Последняя утопия. Права человека в истории - страница 8



. И все-таки сам по себе человеческий универсализм – включая его версии, представленные в греческой философии и монотеистической религии, – не имеет реального касательства к истории прав человека по двум существенным причинам. Во-первых, на протяжении тысячелетий эти источники предложили исходные ингредиенты для великого множества доктрин и движений; во-вторых, они делали это только во взаимосвязи с другими теоретическими компонентами, которые позже предстояло устранить как раз ради торжества «прав человека». И греки, и евреи требовали «справедливости», хотя и выводили ее из абсолютно разных природных и теологических источников. С тех пор возникло множество доктрин, ставших преемницами этого раннего универсализма11. Но непохожесть их постулатов, равно как и разнообразие оставленного ими наследия, делают приписывание им истоков современной морали просто нелепым. Иначе говоря, значение имеет не какой-то из многочисленных прорывов к универсализму, прежде имевших место в мировой истории, а лишь то, что конкретно помогло превращению идеи прав человека в единственный жизнеспособный вид универсализма, каковым они остаются и по сей день12.

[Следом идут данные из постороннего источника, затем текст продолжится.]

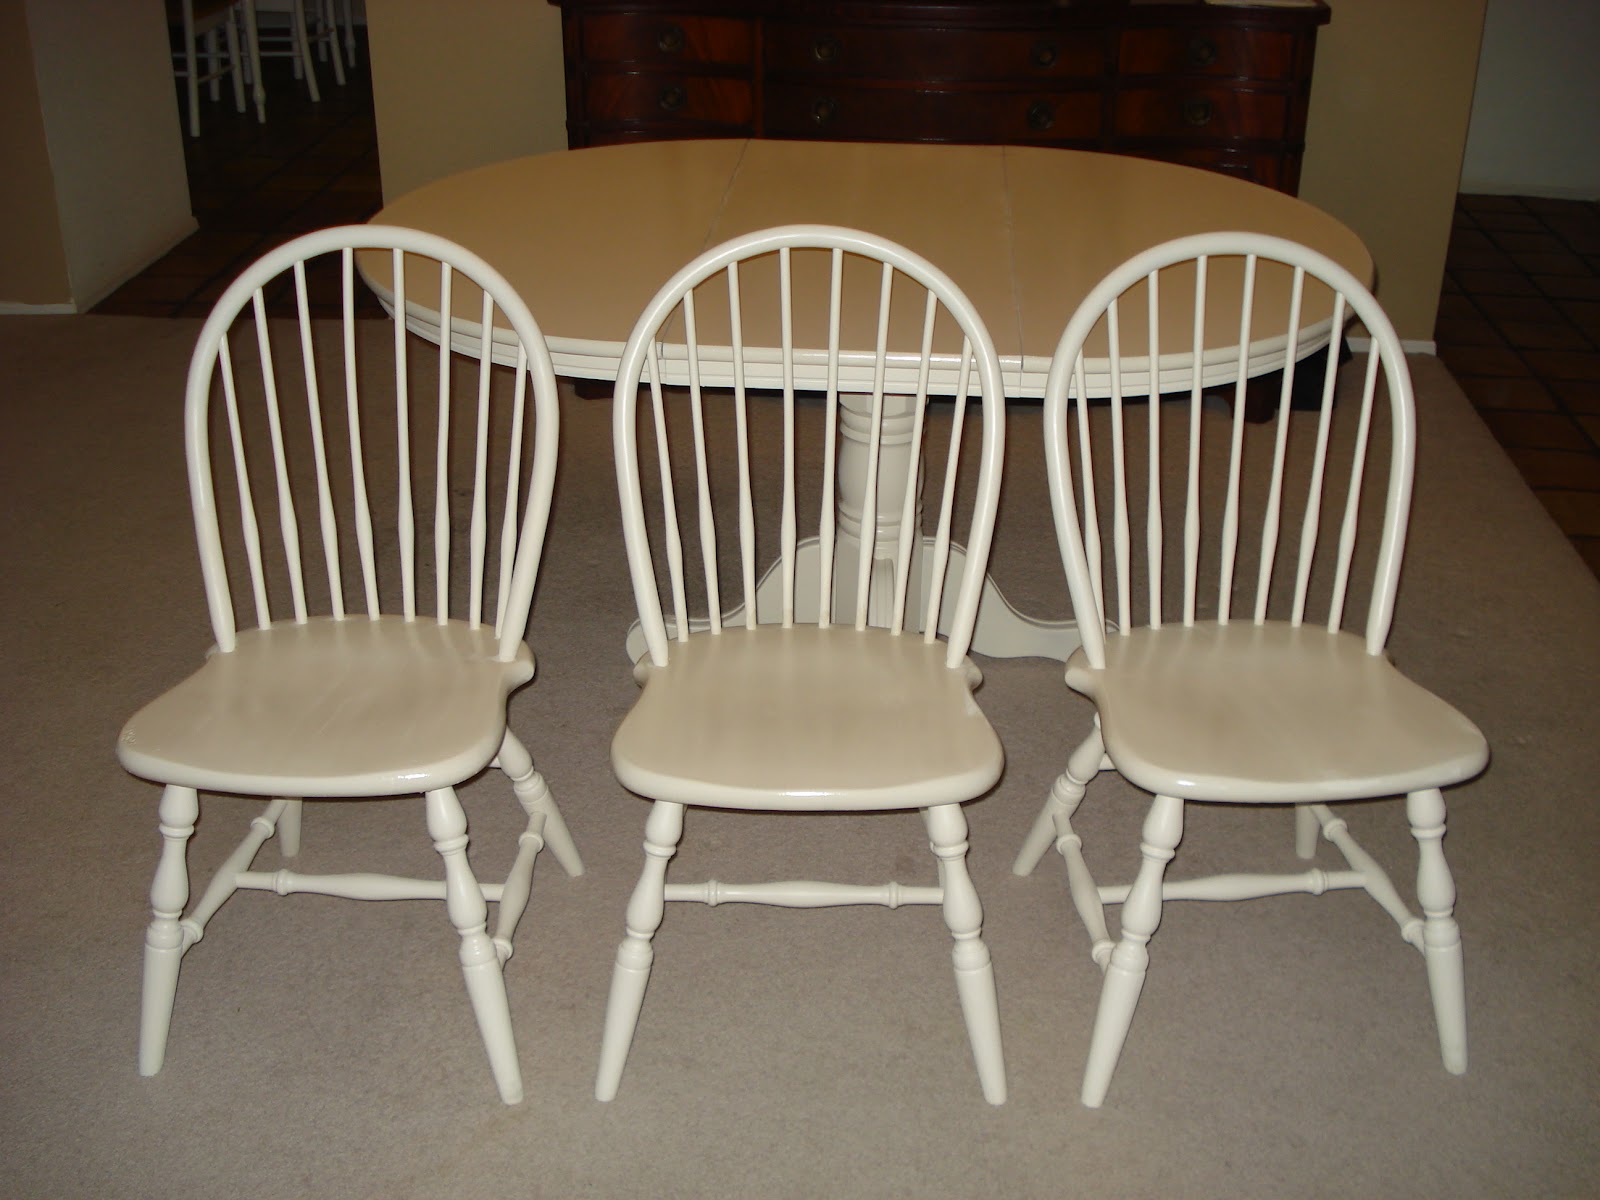 Paula's Projects: White kitchen table set repainted

В конвенциональном плане ключевым приближением к современным представлениям считается «космополитизм» стоиков13. С точки зрения этих греческих и римских философов и поэтов, миром правит разум; поскольку все люди разумны, они оказываются членами одного и того же политического сообщества. Действительно, именно римляне – некоторые их выдающиеся мыслители испытали на себе глубочайшее влияние стоических идей – придумали сам концепт «человечества» (humanitas)14. Однако и это понятие в его изначальном виде, и сам космополитизм стоиков в своих импликациях не были даже отдаленно похожи на их современные версии. Разнообразные виды социальной эксклюзии, поощряемые или допускаемые в римской культуре, в том числе и в стоическом мировоззрении, с легкостью подтверждают такой вывод; достаточно посмотреть на бытовавшее тогда отношение к иностранцам, женщинам и рабам или же обращение с ними. Стоический «космополис» объединял всех людей, но отнюдь не ради реформистского политического проекта; он втягивал их в потустороннюю сферу разума, никак не связанную с социальным совершенствованием. Что же касается «человечности», то под ней понимался идеал личного превосходства в образовательном плане, а не какая-то глобальная реформа человеческой морали – только в наши дни стали мыслимыми такие ее коннотации, как «гуманный» и «гуманитарный». Действительно, согласно Арендт, если в Риме простая человечность и вызывала какие-то моральные ассоциации за пределами сферы обретения познаний, то она подразумевала вовсе не ценность, а, напротив, незначительность. «Интересно, что латинское слово „homo“, эквивалент нашему „человек“, – пишет она, – первоначально обозначало не более чем „просто человека“, то есть лицо, не обладавшее правом, – и раба в том числе»15.

Подобно стоицизму, христианство, вне всякого сомнения, тоже является универсалистской доктриной. Но быть сторонником космополитизма в той или иной его форме – это одно дело, а быть приверженцем именно прав человека – совсем другое дело. Следовательно, само по себе признание христианского универсализма не может служить аргументом, позволяющим приписать стоящей за ним религии сколько-нибудь значимый концептуальный или политический вклад в утверждение прав человека. Опираясь на предшествующие варианты универсализма, в особенности на идеи древнееврейских пророков, христианство на протяжении столетий породило несколько собственных разновидностей этой доктрины. Сначала его основатели в лице Иисуса и Павла представили апокалиптическое видение неизбежного утверждения царства Божьего на всей земле. Вскоре их религия предложила обнадеживающее послание кротким и сирым, обитающим в Средиземноморском регионе, а после того, как император Константин принял крещение, она помогла римским концепциям гражданской принадлежности переместиться из городов в провинцию. Еще через тысячу лет она легла в основу средневекового естественного права. И хотя эгалитаризм христианства широко известен, его культурные и политические импликации настолько различаются от эпохи к эпохе и от места к месту, что для приближения к современным моральным концепциям эту доктрину требуется радикально трансформировать.